Después de doctorarse en ineptitud, recortes sociales, charlatanería digna del mejor Cantinflas y una capacidad insuperable para liarla parda, a Artur Mas solo le faltaba hacer el ridículo en público para poner broche de oro a su carrera política (por llamarla de alguna manera). Ese requisito que no atesoraba hasta ahora lo cumplió con creces en su última alocución, hace unos días, cuando intentó, sin éxito, presentarse como una especie de patriarca del independentismo que asiste, quejoso y contrito, a la manipulación de su glorioso legado por gente que no le llega ni a la suela de los mocasines náuticos con los que se desplaza en verano por el yate que alquila su amigo Vilajoana para bogar por las Baleares de caldereta en caldereta (nota: Vilajoana es a Mas lo que Matamala a Puigdemont).
Y mira que la cosa, en principio, no parecía demasiado difícil, teniendo en cuenta que los dos sucesores del Astut en el cargo de presidente de la Generalitat son dos majaderos de nivel cinco como Puchi y Torra, pero ni así consiguió nuestro hombre que nadie se tragara esa nueva personalidad que se ha inventado de patriarca de Cataluña que clama (en el desierto) por la unidad (imposible) de sus desastrosos herederos. Ayudado por una barba con pretensiones de madurez y responsabilidad, el Astut intentó conseguir que nos olvidáramos de que él es el principal responsable del clusterfuck en el que nos encontramos, mientras trataba de situarse au dessus de la melée repartiendo culpas entre JxCat, el PDECat y demás catervas independentistas. No, no se va con su sucesor porque lo considera un mindundi que se ha venido arriba desde que se metió en el maletero del coche que lo trasladó a Bélgica. Sí, se queda en el PDECat de sus amores, de su historia política y sentimental, de su 3%, pero que tampoco ahí esperen gran cosa de él, pues se considera un gigante de la historia reciente de Cataluña en comparación con Bonvehí y compañía.
Promete trabajar para la unidad del independentismo, pero nadie le cree. Y lo que es peor: resulta evidente que su aparición pública no fue más que una maniobra de autobombo para presentarse como lo que nunca ha sido: un político sensato, un hombre cabal y un fino estilista de las relaciones humanas especializado en la resolución de conflictos. Y su discurso no fue más que un intento chapucero de lavar una imagen con más roña que el cuello de la camisa del padre alcohólico de Karl Ove Knausgard.

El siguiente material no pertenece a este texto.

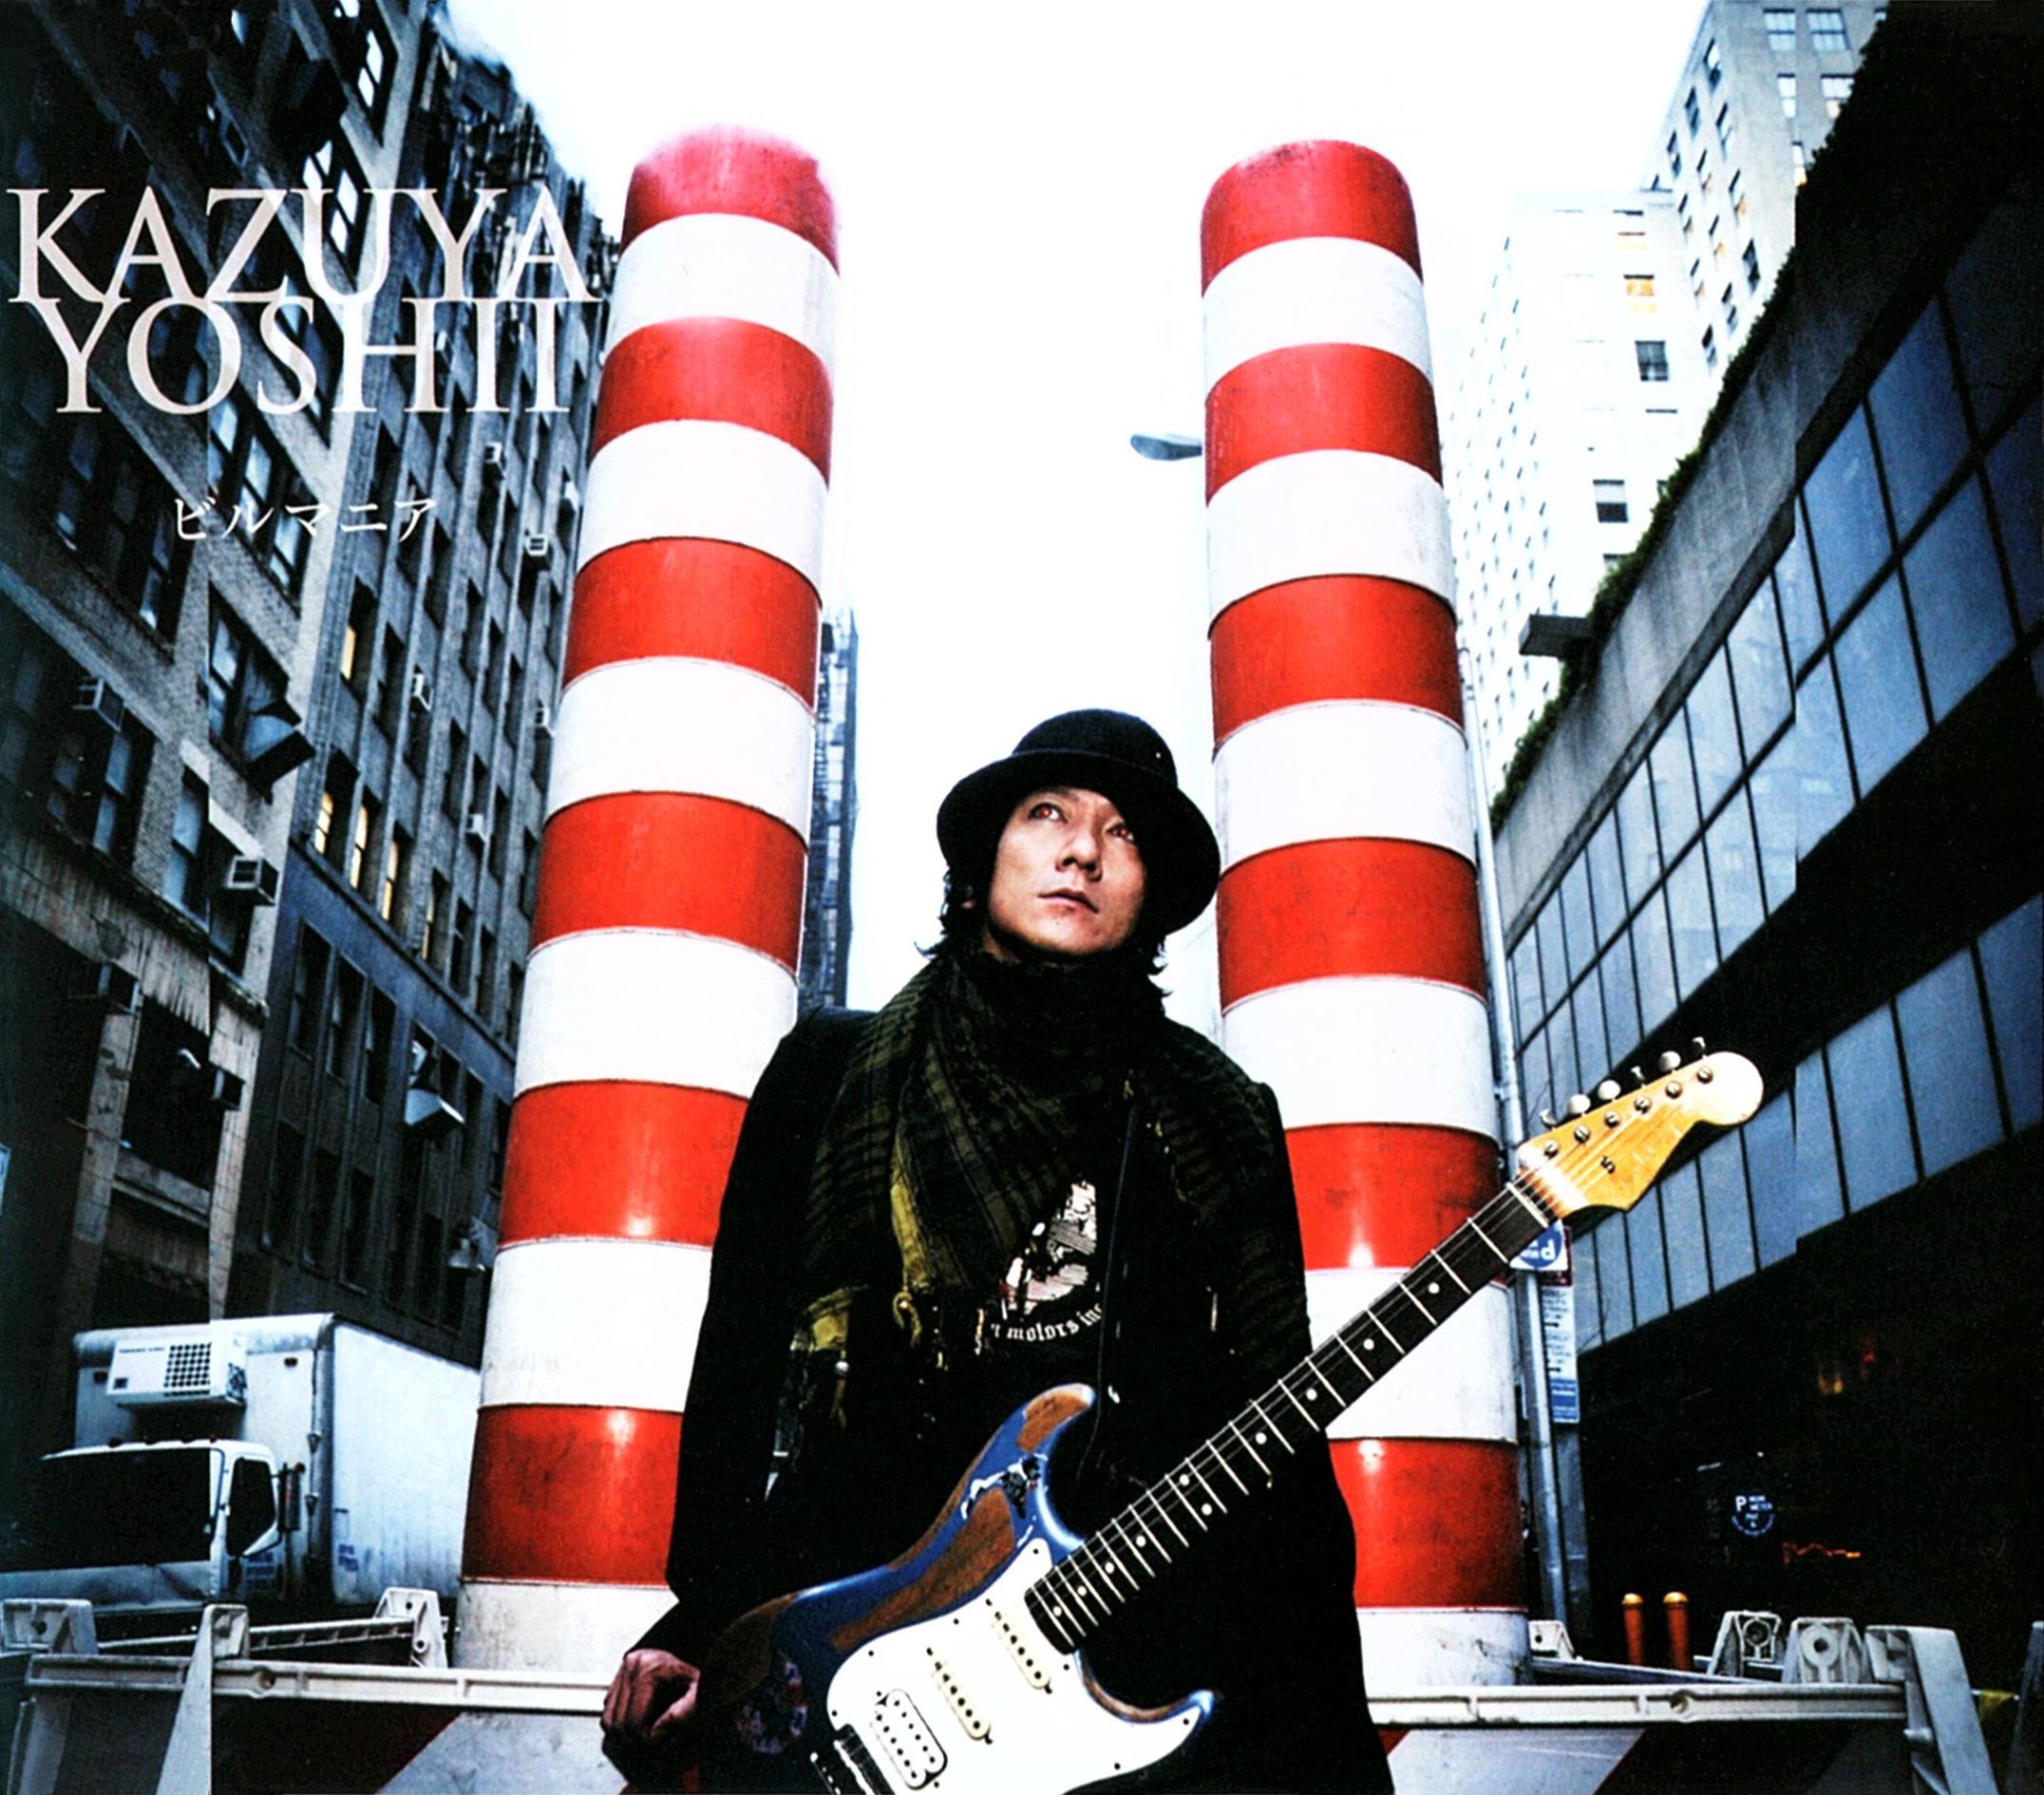 吉井和哉 (KAZUYA YOSHII) 10thシングル『ビルマニア』(2009年1月28日発売) 高画質CDジャケット画像

El legado de Artur Mas es una birria que sus sucesores han convertido en dos birrias. Suerte tiene de no haber acabado en el talego --por sus años de mandamás en aquella cueva de ladrones que fue CDC-- y de que no le hayan embargado todas sus posesiones. Debería dar gracias por ello al Altísimo y ahorrarnos espectáculos tan bochornosos como el de su última comparecencia pública, que solo sirvió para demostrar que, además de ser un liante del quince, un irresponsable y (probablemente) un corrupto, también se le da muy bien hacer el ridículo con su propia y penosa versión de El otoño del patriarca.